Зная любовь Марата ко всякого рода сопротивлениям, я и на этот раз не удивилась, когда он стал горячо стал поддерживать старую оппозицию. Видя, что группка начала сворачивать плакаты — знак, что протест в этом месте закончен, — Марат спешно подошел к предводительнице и попросил обменяться контактами: мало ли, вдруг захочется попротестовать с размахом. Та живо откликнулась на просьбу, даже попросила донести ее речь до всех, кому только сможем. Все дружно пообещали, правда, скорее из уважения, чем из личного желания. Женщина, чувствуя, что ее работа выполнена, ушла к дожидавшимся ее товарищам, которые уже не раз поторапливали ее, говоря, что у них сегодня еще много дел.

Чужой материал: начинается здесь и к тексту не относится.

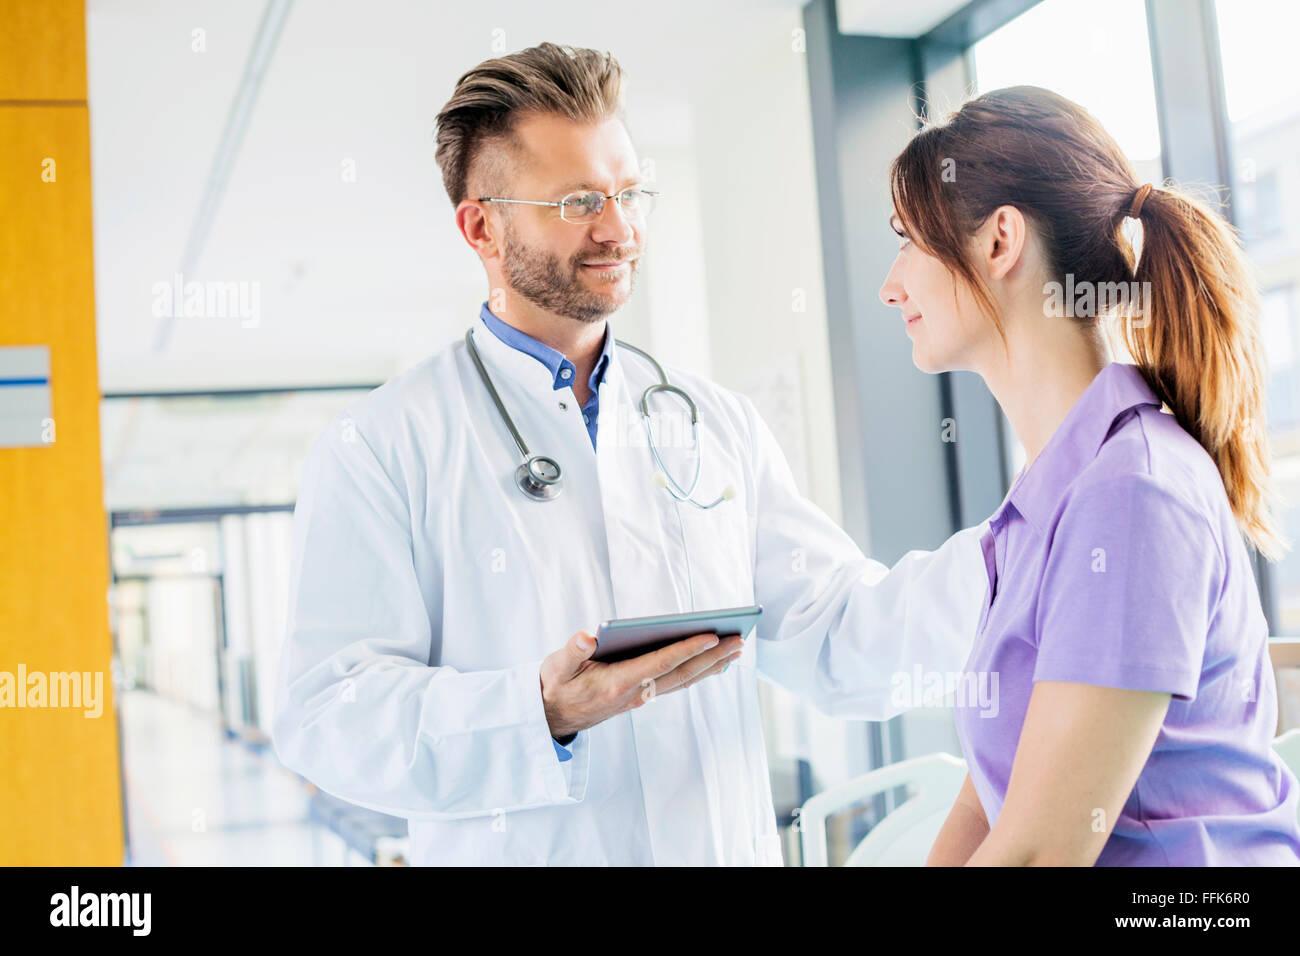 Médecin collaborateur de taraudage sur l'épaule Photo Stock

Взяв все свои сумки, они медленно уходили в закат, к другим площадям и дворам, где их ждали другие слушатели, может, даже куда более восприимчивые к вдохновенным речам и более неравнодушные к судьбам миллионов людей, чем мы.

Кинорежиссер

Наступления лета Марат ждал с нетерпением. Еще зимой у него появилась мечта — снять небольшой фильм о жизни в Крылатском. Последние месяцы весны он только и говорил о том, как начнет снимать. Эти планы отвлекали Марата от мрачного настоящего, весь май и июнь он как будто существовал только благодаря им, и я, поддавшись приподнятому настроению Марата, тоже воспрянула духом.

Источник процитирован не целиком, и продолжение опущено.